For the set of SQL commands for database backup, see Database Backup/Restore.
For a full system backup, see System Backup.

Snapshot Types

Three types of snapshots are supported for database objects & data:

full - snapshot of the given database objects & data
incremental - snapshot of the changes in the database objects & data since the last snapshot of any kind
differential - snapshot of the changes in the database objects & data since the last full snapshot

Backup Storage

Database backup files will be transferred to the target specified in the given data sink. There, they will be stored under two levels of directories: the top-level directory will be the name of the database backup and the subdirectory will be the timestamp the snapshot was taken; e.g.:

/<backup_name>/ki_backup_info.json
/<backup_name>/<backup_name>.mdb
/<backup_name>/<snapshot_timestamp>/<snapshot_timestamp>.mdb
/<backup_name>/<snapshot_timestamp>/rank-<rank_number>/tom-<TOM_number>/*

A new backup will result in the creation of a directory with the corresponding backup name, as well as a snapshot timestamp directory with the full snapshot files. An incremental or differential snapshot for a given backup will result in the creation of another snapshot timestamp directory, under the backup directory, containing all the files for that snapshot.

A data source is required to retrieve detail about backups and restore database objects & data from them.

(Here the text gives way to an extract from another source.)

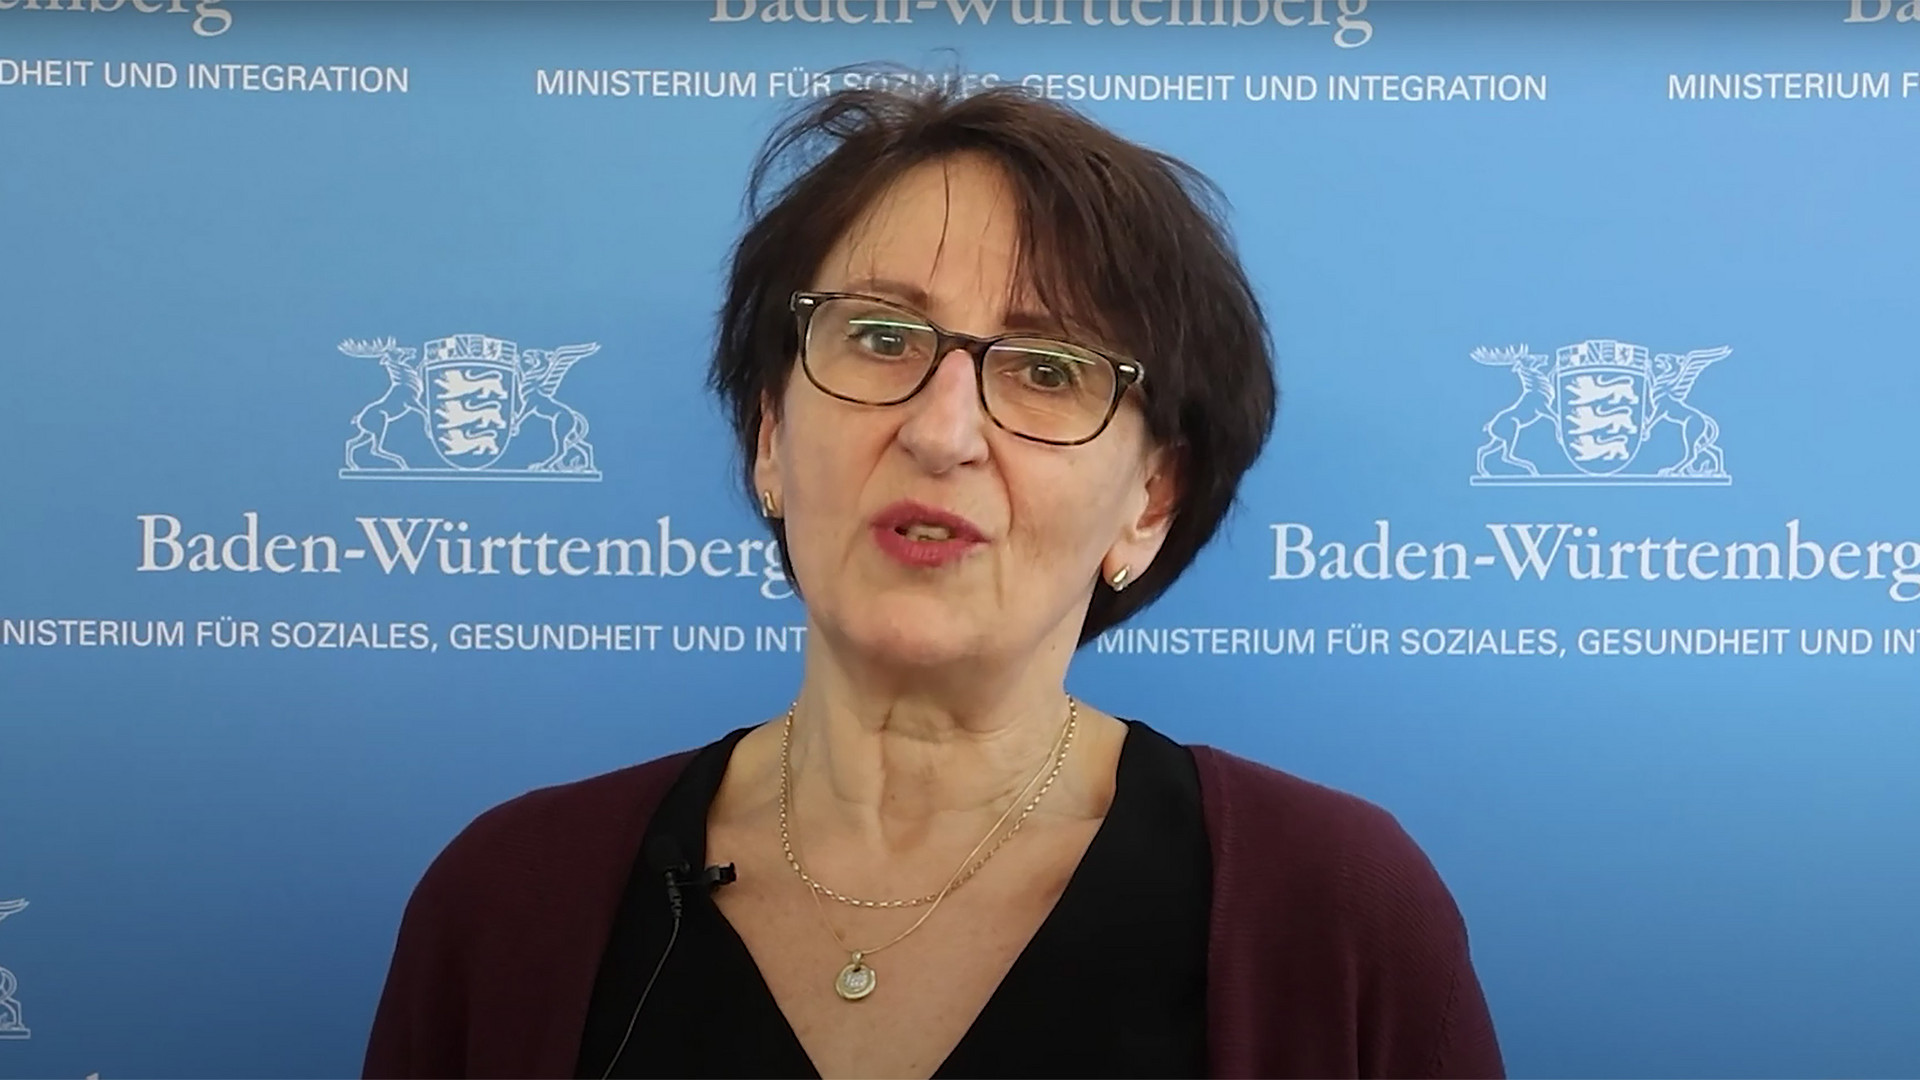 Staatssekretärin Dr. Ute Leidig vor Leinwand mit Logo des Sozialministeriums Baden-Württemberg

The data source must point to the same remote store as the data sink through which a backup was created in order to access and restore from it.

Backup Use Case

A typical usage of the backup feature is:

create a backup, taking an initial full snapshot
schedule iterative incremental or differential snapshots
restore a backup

Initial Backup

To create the initial backup, run a CREATE BACKUP statement, in SQL, that specifies:

the name to use for the backup--the backed-up database object set
the data sink that will be used to transfer the backed-up files to the remote store (e.g., s3)
the set of database objects to back up

For example, to create an initial backup with the following parameters:

daily_backup - name of the backup
backup_ds - data sink targeting the remote file service
example_backup - name of the schema to back up

Create Initial Backup Example
1
2
3
CREATE BACKUP daily_backup
DATA SINK = backup_ds
OBJECTS (ALL = example_backup)

Schedule Iterative Snapshots

To schedule iterative snapshots after the initial backup is done, create a SQL procedure that specifies:

the name of the backed-up database object set (same as the initial backup)
the data sink that will be used to transfer the snapshots to the remote store (same as the initial backup)
the schedule for running the incremental snapshots

For example, to schedule incremental snapshots with the following parameters:

daily_backup - name of the backup to which snapshots will be added
backup_ds - data sink targeting the remote file service
1 DAY - daily snapshot interval
STARTING AT...2025-01-01 - starting at a date in the past causes the first snapshot to be taken at the next possible time interval
STARTING AT...00:00:00 - schedule the snapshot to be taken at midnight

Schedule Iterative Snapshots Example
1
2
3
4
5
6
CREATE PROCEDURE scheduled_backup
BEGIN 
    BACKUP daily_backup
    DATA SINK = backup_ds
END
EXECUTE FOR EVERY 1 DAY STARTING AT '2025-01-01 00:00:00';

Restore Backup

To restore database objects and table data from the latest snapshot in a backup, using the following parameters:

daily_backup - name of the backup to restore
restore_ds - data source targeting the remote file service
example_backup - name of the schema to restore
replace - any exising database object will be overwritten by its counterpart from the backup

Restore Backup Example
1
2
3
4
RESTORE BACKUP daily_backup
DATA SOURCE = restore_ds
OBJECTS (ALL = example_backup)
WITH OPTIONS (RESTORE_POLICY = 'replace')

System Backup

You can back up Kinetica data through Workbench. Backups can be used to perform a complete data restoration from the point in time the backup was taken. A backup can be requested while the cluster is in a running state; there is no need to suspend it first. Restoring data from a backup, on the other hand, does require the cluster to be suspended first.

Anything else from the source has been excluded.